Kihl B, Rökaeus A, Rosell S, Olbe L
Scand J Gastroenterol. 1981;16(4):513-26. doi: 10.3109/00365528109182006.
The effects of intraduodenal administration of oleic acid (5, 10, 20, and 40 ml) on gastric acid secretion stimulated by a submaximal intravenous pentagastrin infusion and on plasma concentrations on neurotensin-like plasma immunoreactivity (NTLI) were studied in 18 healthy subjects. Each volume of oleic acid or saline (controls) was tested in six subjects except the volume of 20 ml, which was given to ten subjects. Gastric acid secretion was studied for a 2-h period at 15-min intervals after intraduodenal infusion. Five milliliters oleic acid evoked a significant inhibition (29%) of gastric acid secretion. Maximal inhibition by oleic acid appeared after 20 ml (43%), which was significantly greater than after 10 ml. In seven duodenal ulcer (DU) patients 20 ml oleic acid evoked an inhibition of 20%, which was significantly lower than in the healthy subjects. Proximal gastric vagotomy (PGV) abolished the fat inhibition in DU patients. Basal and peak NTLI concentrations after 20 ml oleic acid were significantly lower in DU patients than in health subjects. In DU patients there was no significant difference in the integrated response of NTLI before and after PGV. The 2-h integrated NTLI response was dependent on the administered volume of oleic acid in healthy subjects. There was a correlation between acid inhibition and the integrated response ot NTLI in healthy subjects. This suggests that immunoreactive neurotensin may be involved in the oleic-acid-induced inhibition of gastric acid secretion. Neurotensin, or a neurotensin metabolite, apparently exerts its inhibitory effect at a synaptic level, which explains the finding that oleic acid did not inhibit gastric acid secretion after PGV. Neurotensin may have a physiological role as a hormone with enterogastrone functions.

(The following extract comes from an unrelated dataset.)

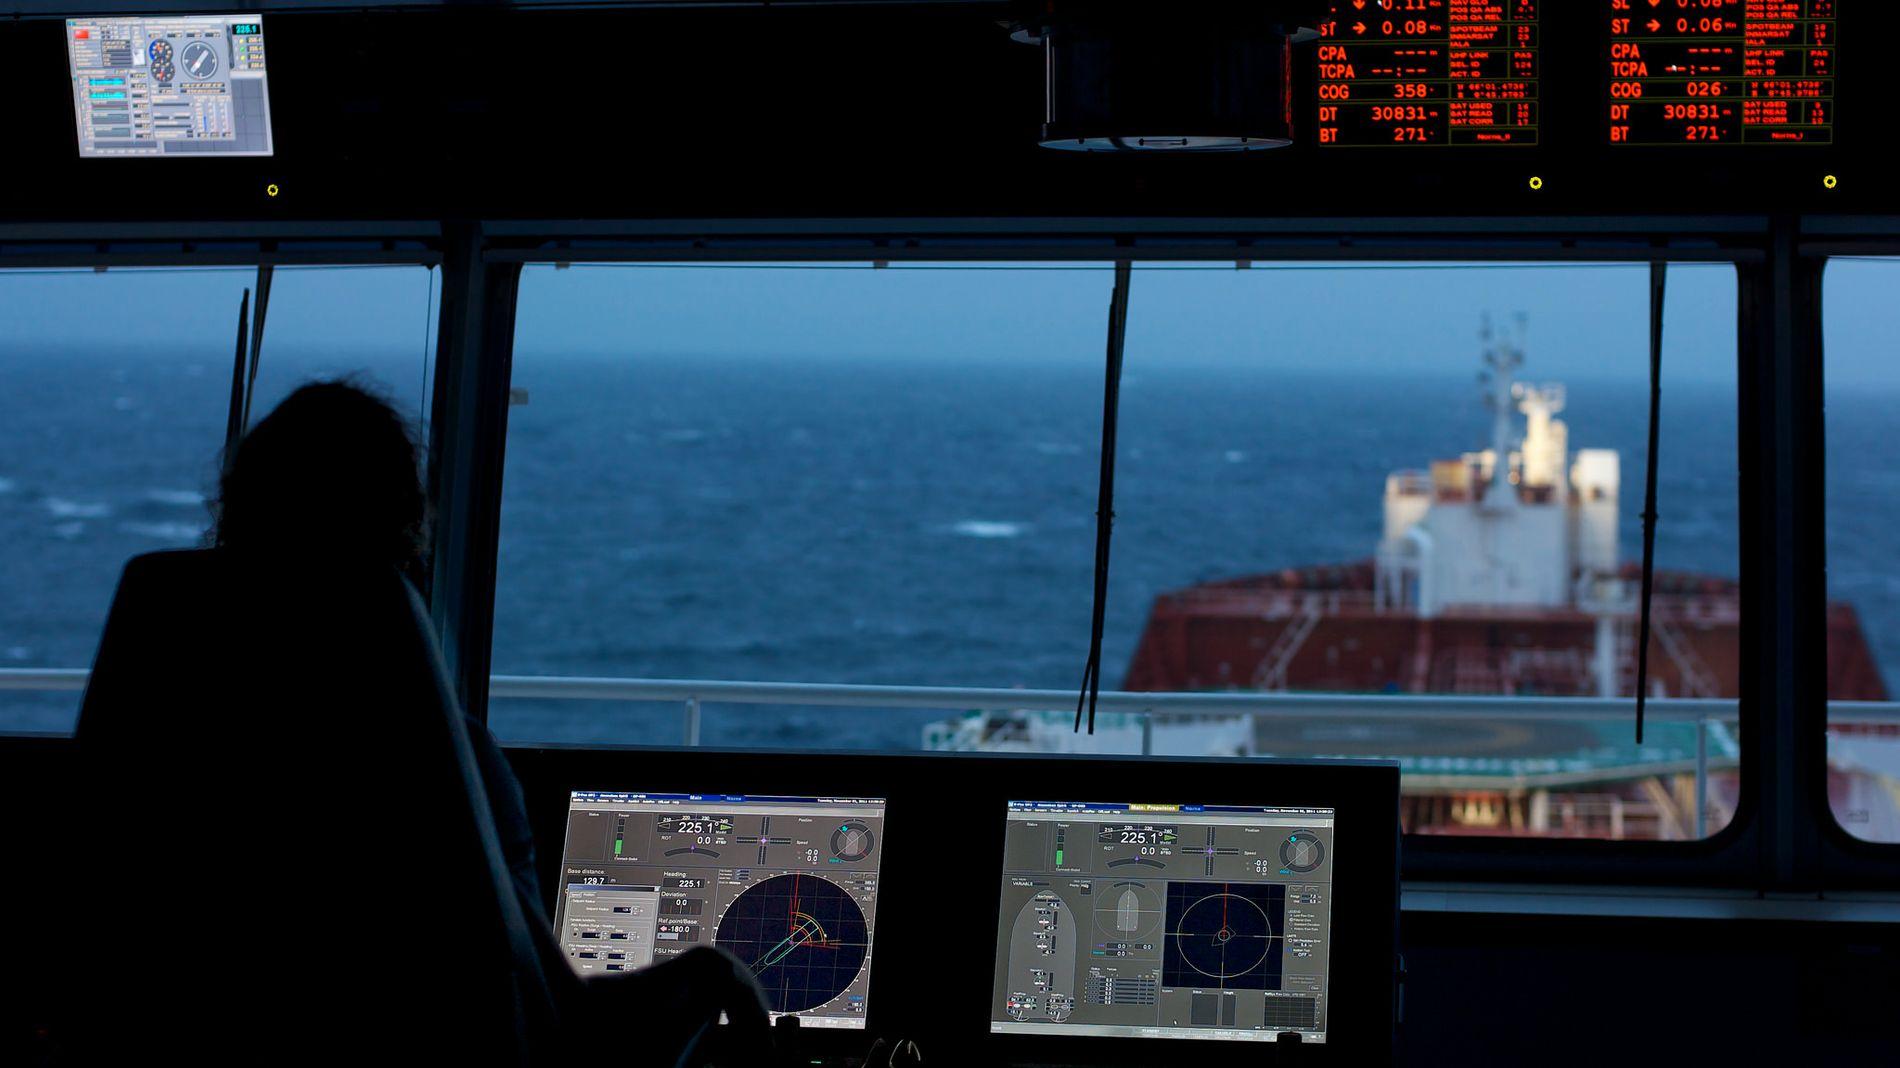 FÅ LEVERANSER: Kongsberg Maritime leverer avanserte navigasjons- og styringssystemer til shipping og offshoremarkedet. Oppbremsingen i bestillinger av nye skip gjør situasjonen tøff for selskapet.

在18名健康受试者中,研究了十二指肠内给予油酸(5、10、20和40毫升)对次最大剂量静脉注射五肽胃泌素刺激的胃酸分泌以及对神经降压素样血浆免疫反应性(NTLI)血浆浓度的影响。除20毫升剂量给予10名受试者外,其余每种油酸或生理盐水(对照)体积均在6名受试者中进行测试。十二指肠内输注后,每隔15分钟对胃酸分泌进行2小时的研究。5毫升油酸引起胃酸分泌显著抑制(29%)。20毫升油酸后出现最大抑制(43%),显著大于10毫升后的抑制。在7名十二指肠溃疡(DU)患者中,20毫升油酸引起20%的抑制,显著低于健康受试者。近端胃迷走神经切断术(PGV)消除了DU患者的脂肪抑制作用。DU患者在给予20毫升油酸后的基础和峰值NTLI浓度显著低于健康受试者。在DU患者中,PGV前后NTLI的综合反应无显著差异。在健康受试者中,2小时的NTLI综合反应取决于给予的油酸体积。健康受试者中酸抑制与NTLI的综合反应之间存在相关性。这表明免疫反应性神经降压素可能参与油酸诱导的胃酸分泌抑制。神经降压素或神经降压素代谢产物显然在突触水平发挥其抑制作用,这解释了PGV后油酸不抑制胃酸分泌的现象。神经降压素可能作为一种具有肠抑胃素功能的激素发挥生理作用。